National Science Foundation
NSF would receive $4.47 billion dollars in FY2002, up $56.1 million (or 1.3 percent) from FY2001 under the President’s budget request. S&T highlights are:
- Math and Science Partnerships Initiative - $200 million new initiative, part of the President’s No Child Left Behind plan to strengthen and reform K-12 education.
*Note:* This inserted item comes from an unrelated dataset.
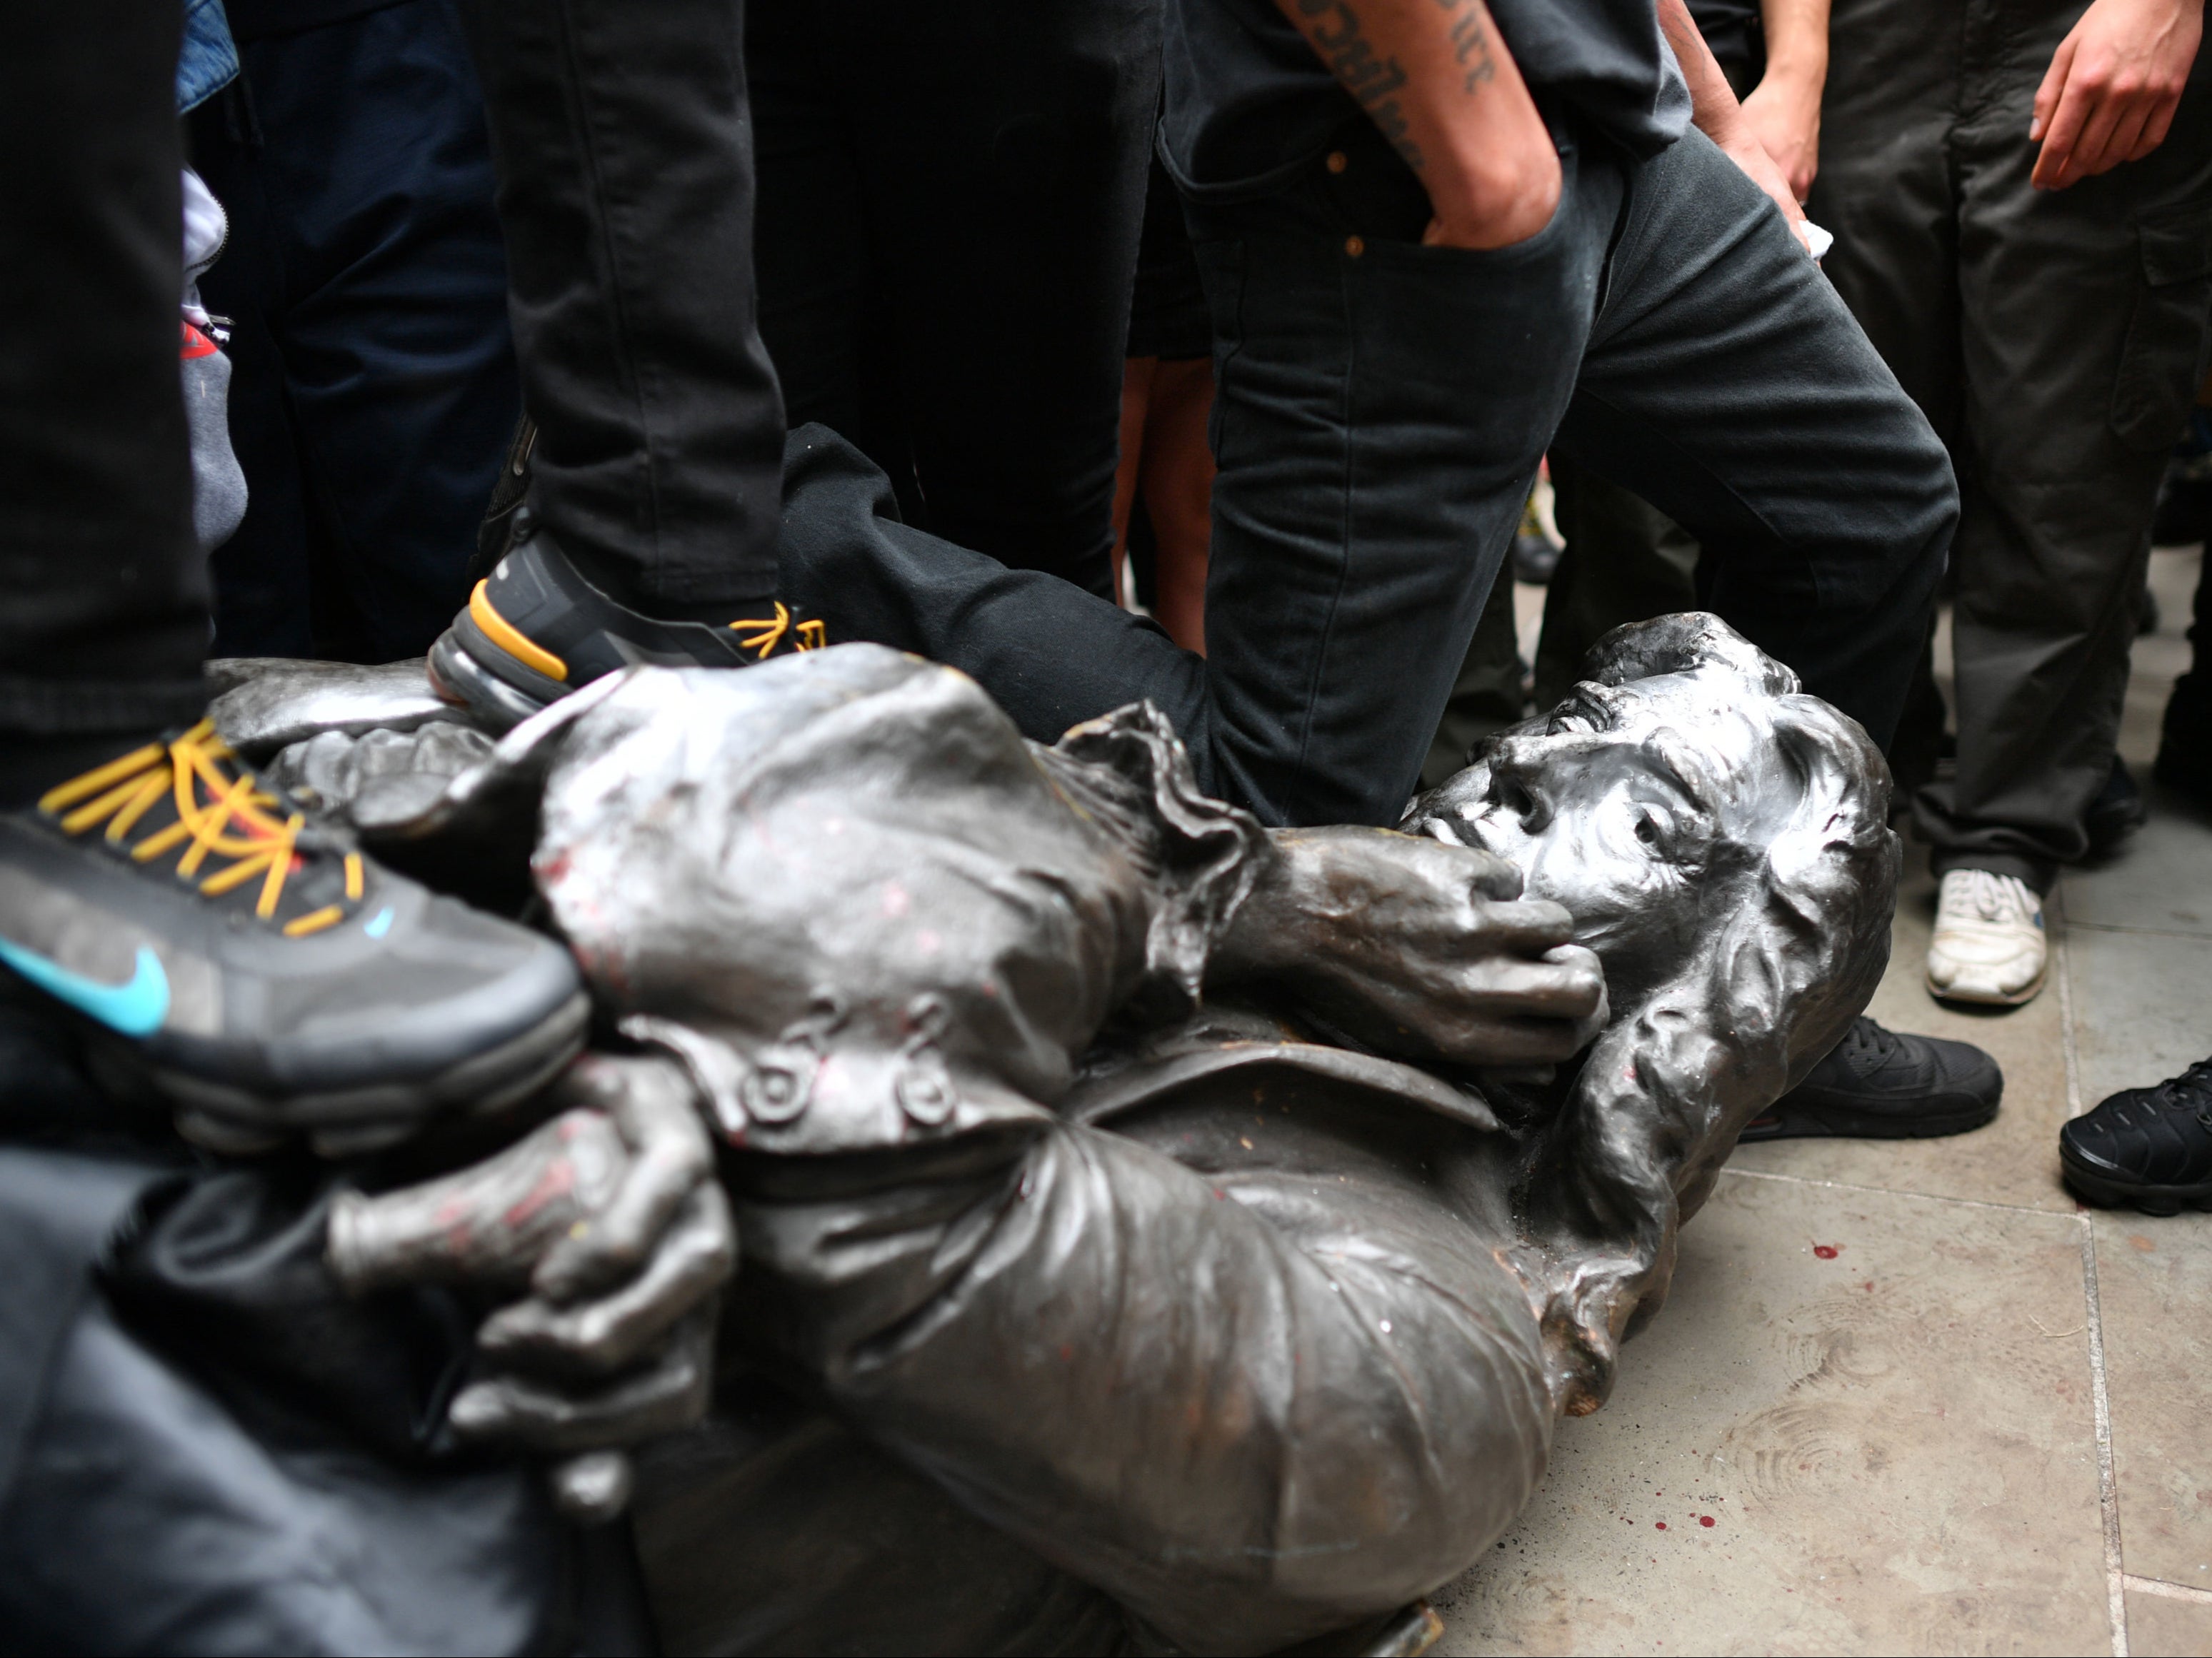 The Edward Colston statue at the feet of protesters after it was pulled down during a Black Lives Matter rally

Partnerships between state and local school districts and institutions of higher education will provide students with enhanced opportunities to perform to high standards in math and science.
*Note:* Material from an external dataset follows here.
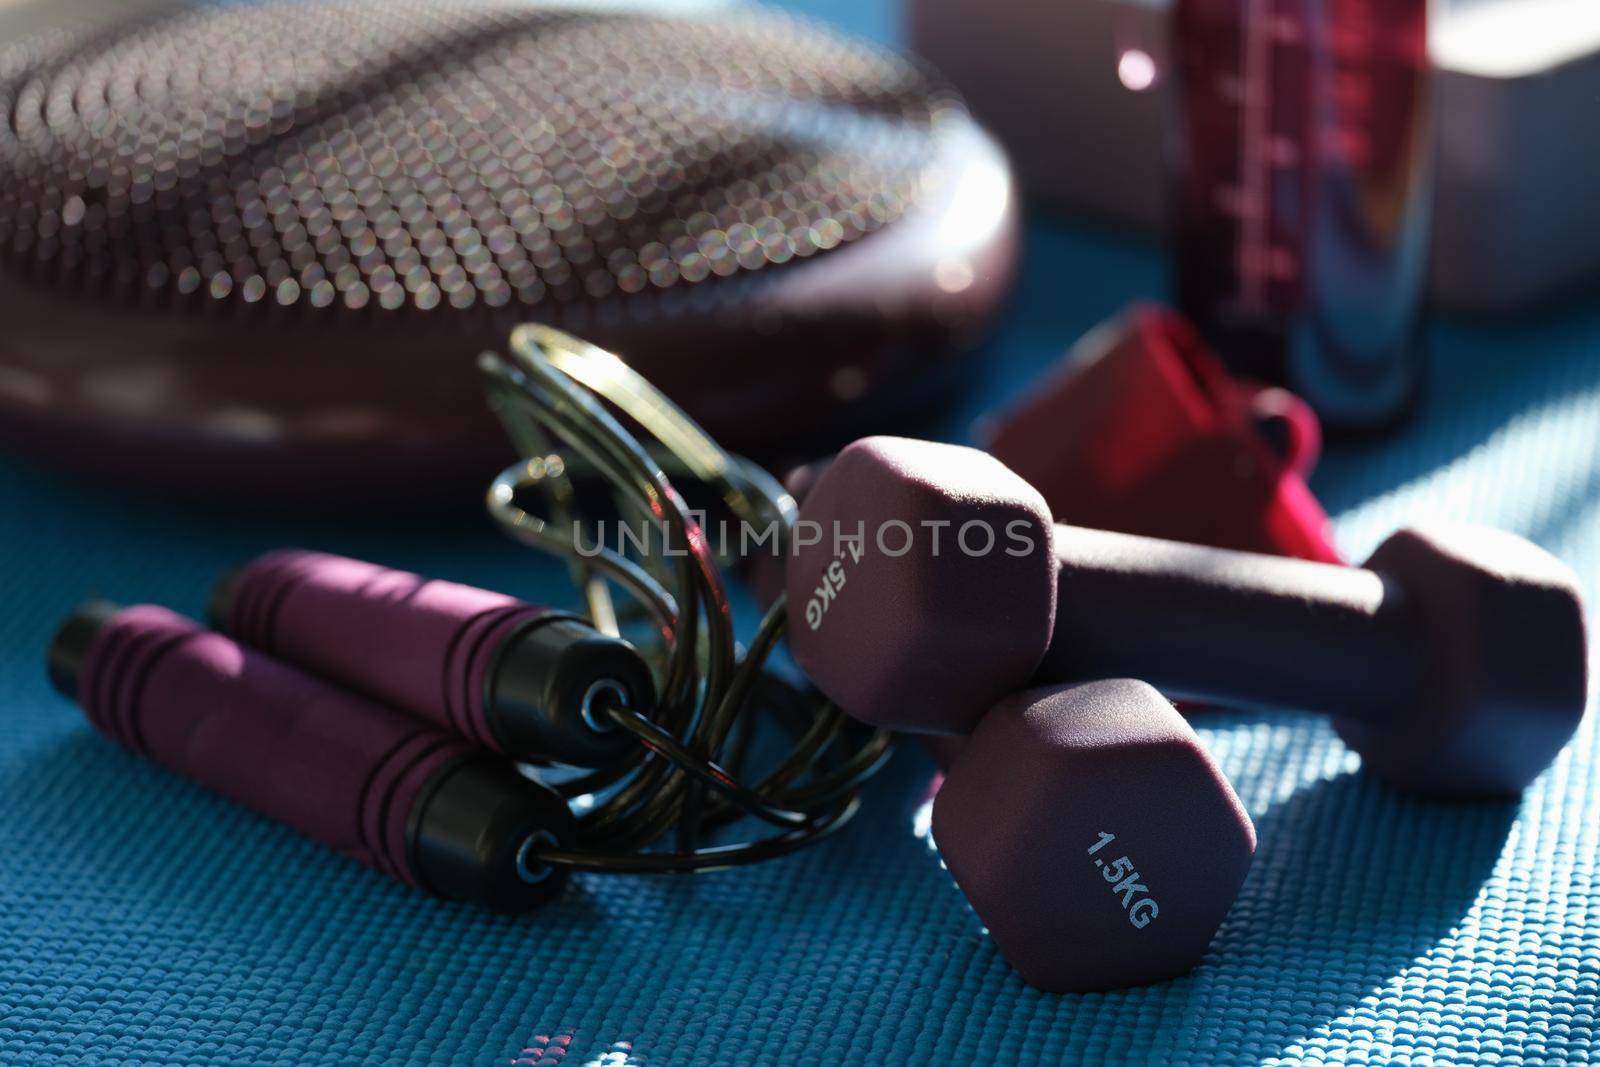 Burgundy skipping rope dumbbells and massager on a blue sports mat, close-up, blurry. Fitness set, sun glare

- Nanoscale Science and Engineering - $174 million (up 16 percent from last year) to explore phenomena at molecular and atomic scales and new techniques to facilitate a broad range of applications.
- Experimental Program to Stimulate Competitive Research (EPSCoR) - $100 million same as FY 01 level.
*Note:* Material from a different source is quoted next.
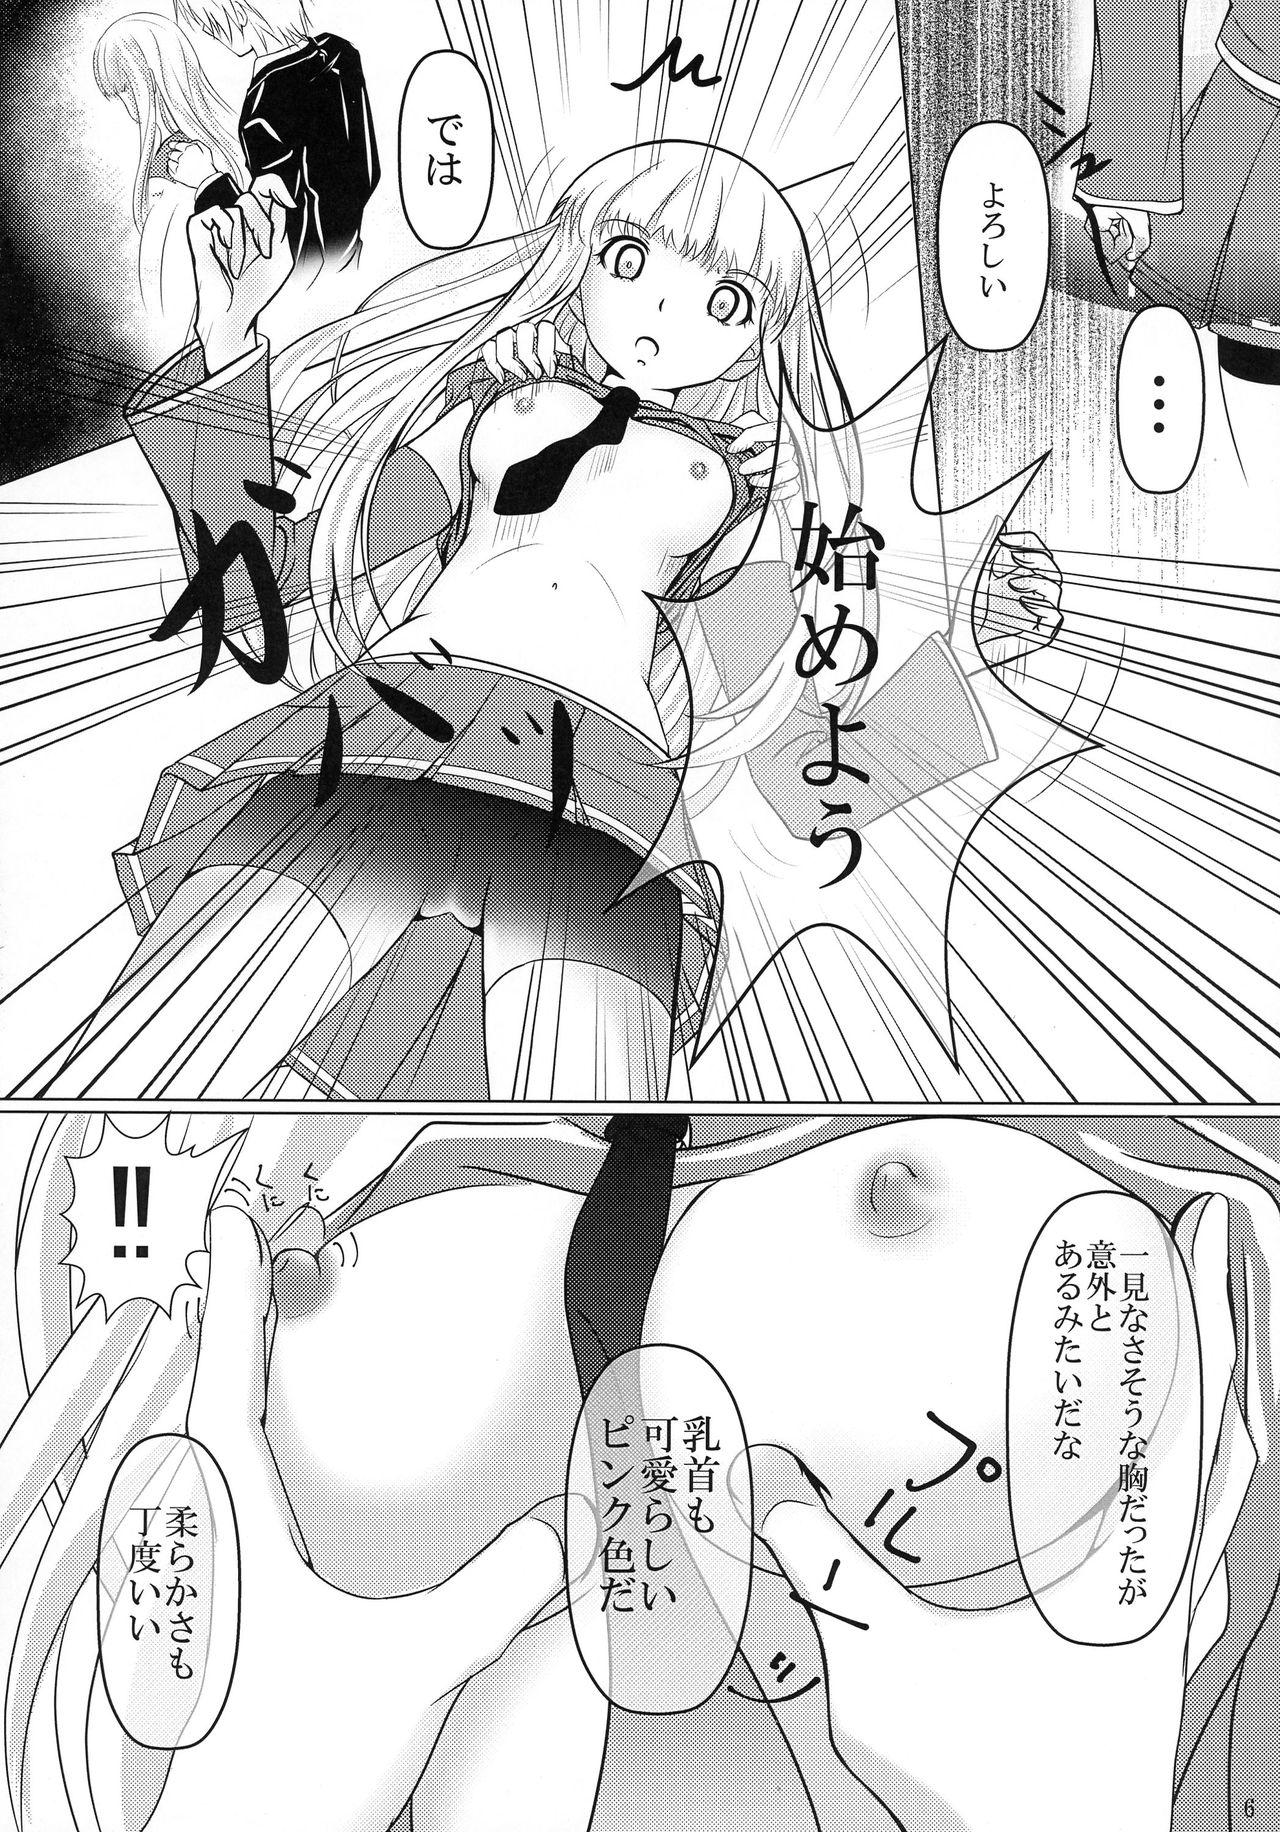 Daddy CONFIDENTIAL - Arpeggio of blue steel Hairy - Page 6

- Science and Technology Centers - $26 million to initiate a new group of centers in topics across the range of disciplines supported by NSF.
- Centers and Networks of Excellence - $29.39 million to support four new research and education centers, a multidisciplinary, multi-sectoral network for modeling and simulation at the nanoscale.
- Innovation Partnerships - eliminated ($10 million in FY 2001).
- Interdisciplinary Mathematics - $20 million in new funding - to study the role of mathematics in advancing interdisciplinary science focusing on management of large data sets, modeling uncertainty, and prediction of complex non-linear systems.
- Biocomplexity in the Environment - $58 million (5.9 percent increase over FY 2001) to investigate interactions among ecological, social and physical earth systems.
- Information Technology Research - $273 million (a 5 percent increase over FY 01) to deepen research on software, networking, scalability, and communications to improve ways to gather, store, analyze, share and display information. Special emphasis on interface of IT and biological research to evoke new cyber-information infrastructure.
- Learning for the 21st Century - $126 million (3 percent over FY 2001) to explore the potential of information technology to facilitate and enhance learning. Seeks to transfer new knowledge about learning to materials, courses and curricula (for ex., digital libraries).
- Plant Genome Research Program -$65 million (maintained at FY 01 level) to support ongoing research on genomics of plants of major economic importance in order to understand the structure, organization and function of plant genomes important to agriculture, the environment, energy, and health.
- 2010 Project - $20 million (33 percent increase over FY 2001) completion of the genome of the mode plant Arabidopsis enabled researchers to begin a systematic effort to determine the functions of the 20,000 to 25,000 genes of this flowering plant and increase understanding the basic biological processes in all flowering plants and in creating better products for society.